Exports were ¥4.97 trillion, modestly higher than a year earlier, thanks partly to demand for steel and construction machinery.

“Exports to China grew by only 1 percent in January, compared with 20.1 percent in December,” a finance ministry official said.

“Overall exports, mainly to China and other parts of Asia where people celebrate the Lunar New Year holiday, slowed because of shipping adjustments,” he said of the lead-up to the holiday.

The economy, hit hard by the global downturn, is however broadly gathering steam as wider overseas demand remains strong, and officials predict the trade balance will swing back to black soon.

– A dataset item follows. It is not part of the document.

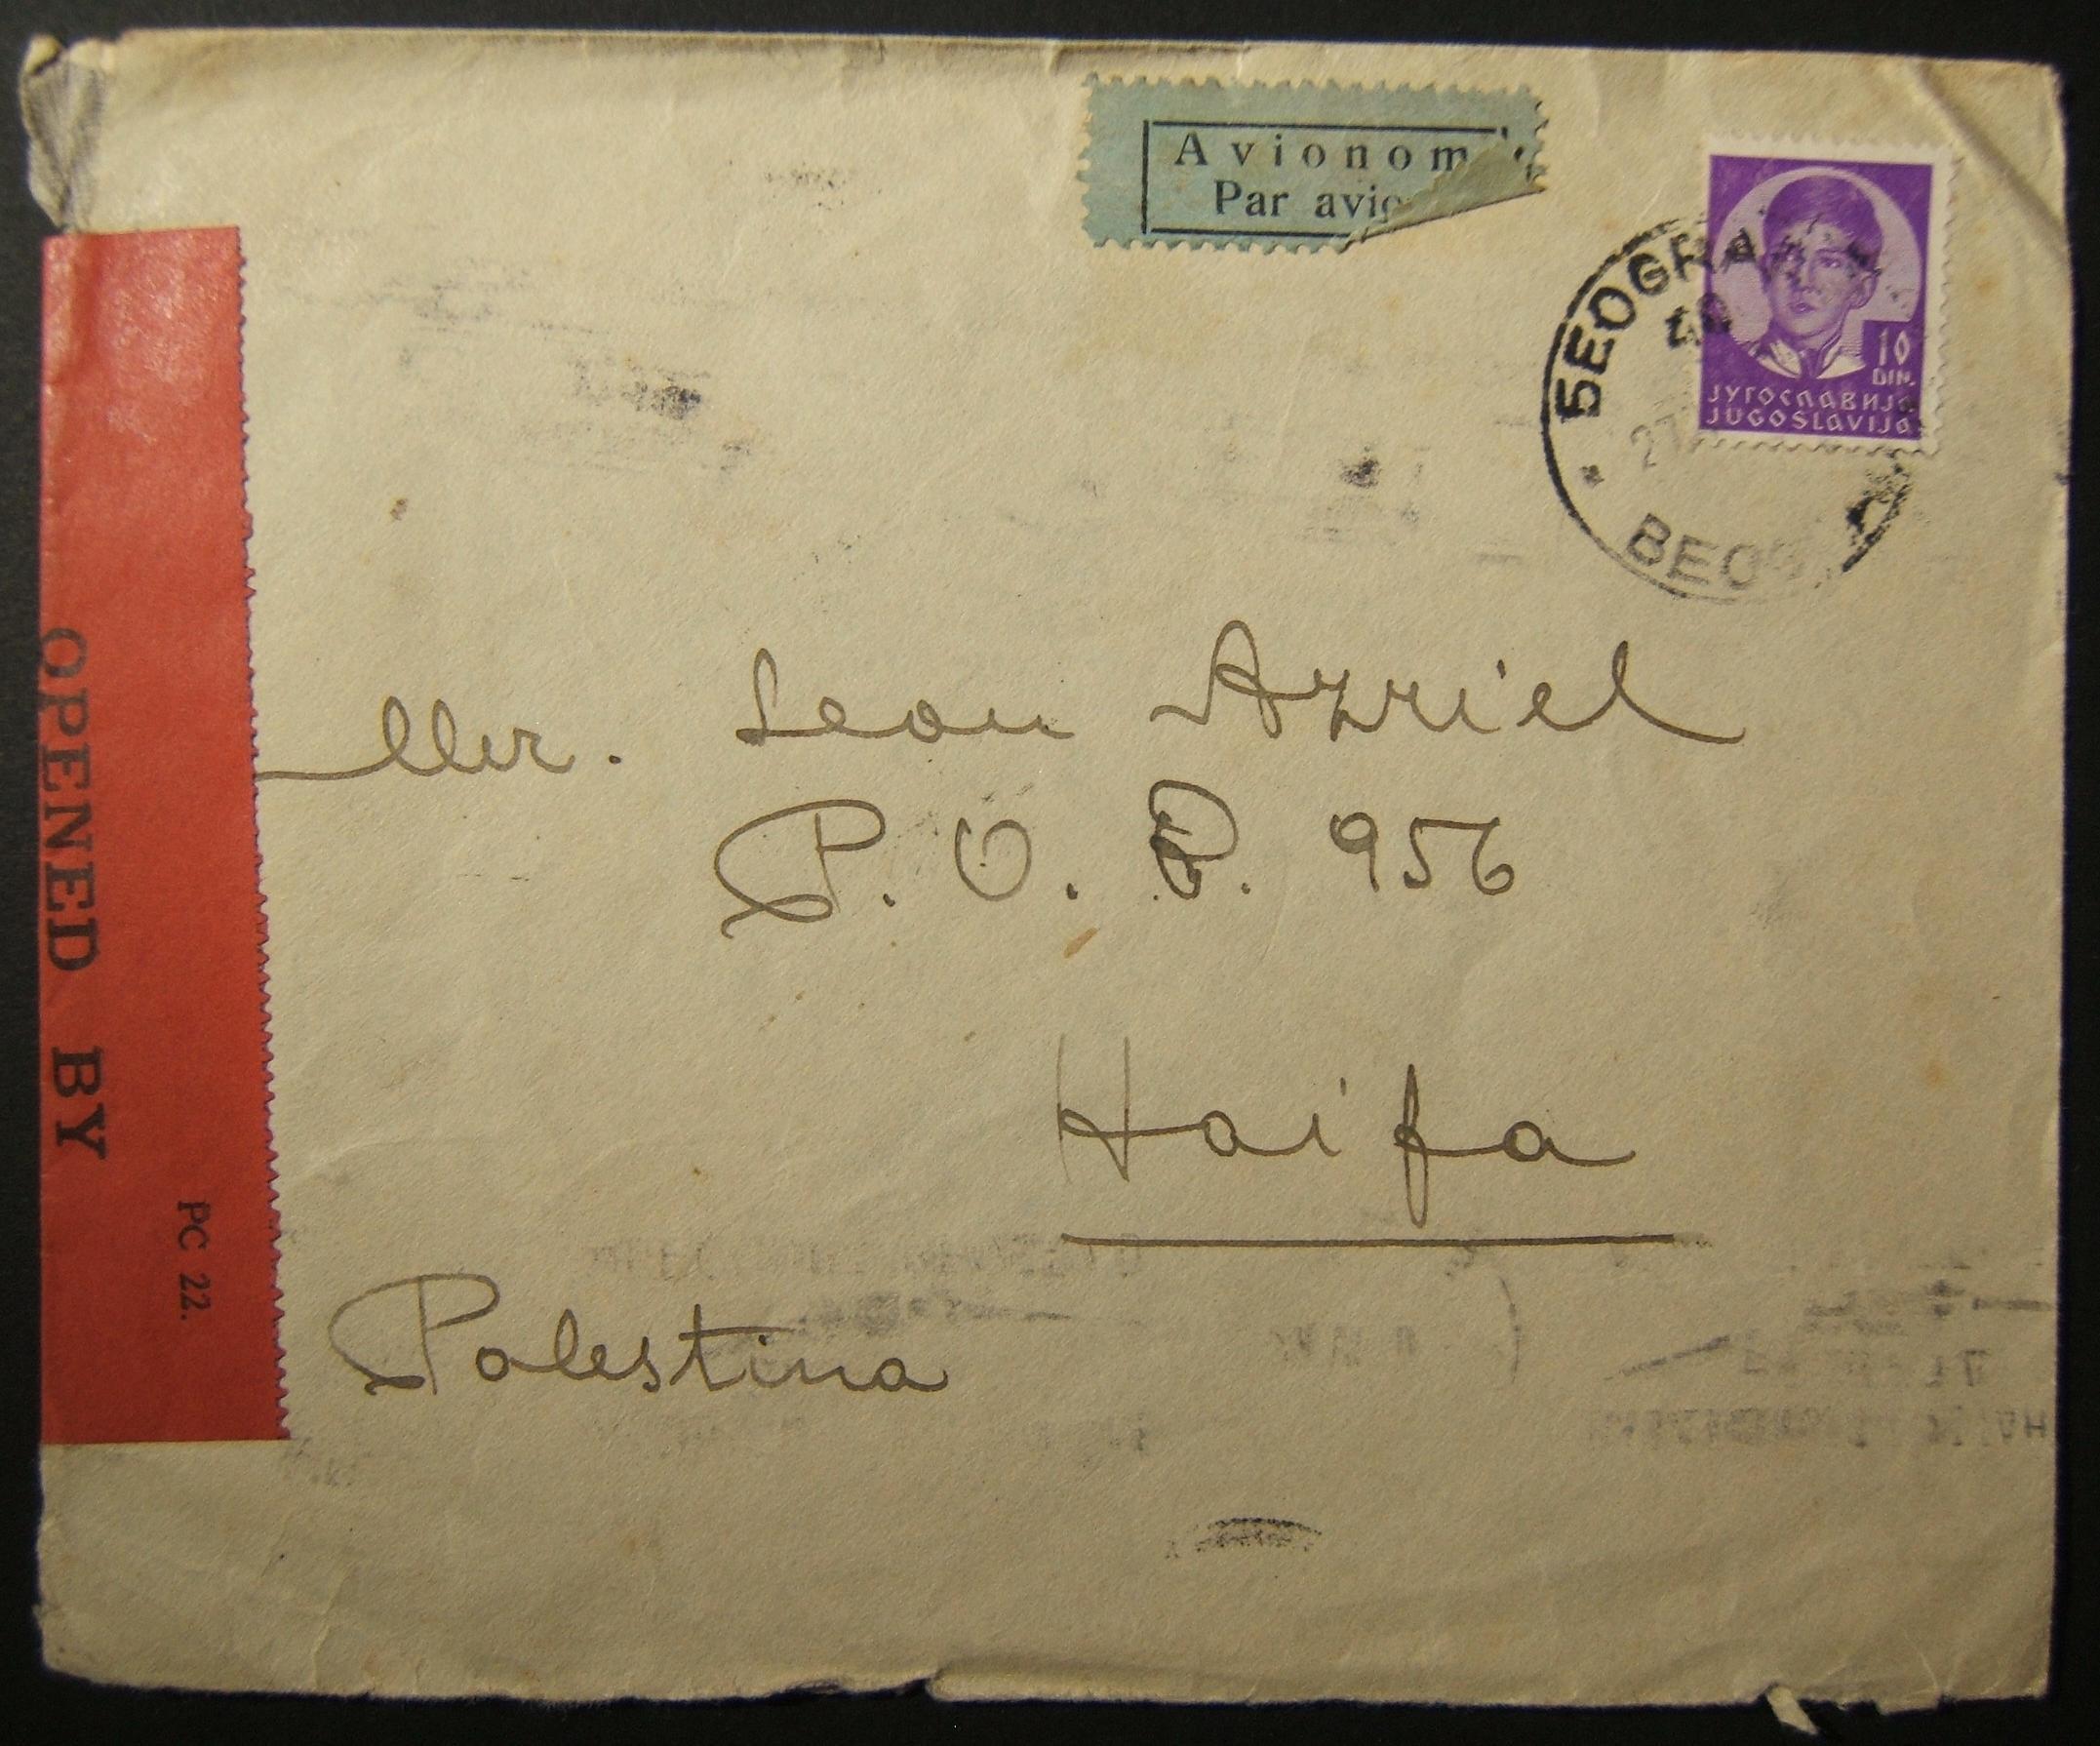 27-06-1940 censored airmail from Yugoslavia to HAIFA probably via Aeroput & Imperial airlines

“The global economy has been recovering since late last year while a relatively lower yen is also helping Japanese exporters,” said Hiroshi Watanabe, economist at Daiwa Institute of Research.

However, Watanabe said the trade balance could be squeezed further in the coming months because of higher commodity prices, especially crude from the Middle East where Japan sources 90 percent of its oil.

“There are three main factors behind the surging commodity prices,” he said. “Emerging economies are expanding further. Speculative capital is also hiking prices due to monetary easing policies of the world’s major economies. Finally, the instability in the Middle East is pushing prices of oil and other resources higher.”

The Bank of Japan this week upgraded its view of the economy for the first time in nine months on accelerating global growth but kept its easy monetary policy in place due to persistent deflation.

Japan’s real GDP slipped an annualized 1.1 percent in the December quarter as expiring auto subsidies hit car sales, a new tobacco tax sapped cigarette demand and a strong yen hurt exports.

However, the contraction was smaller than expected, and there are hopes the economy will pick up this quarter.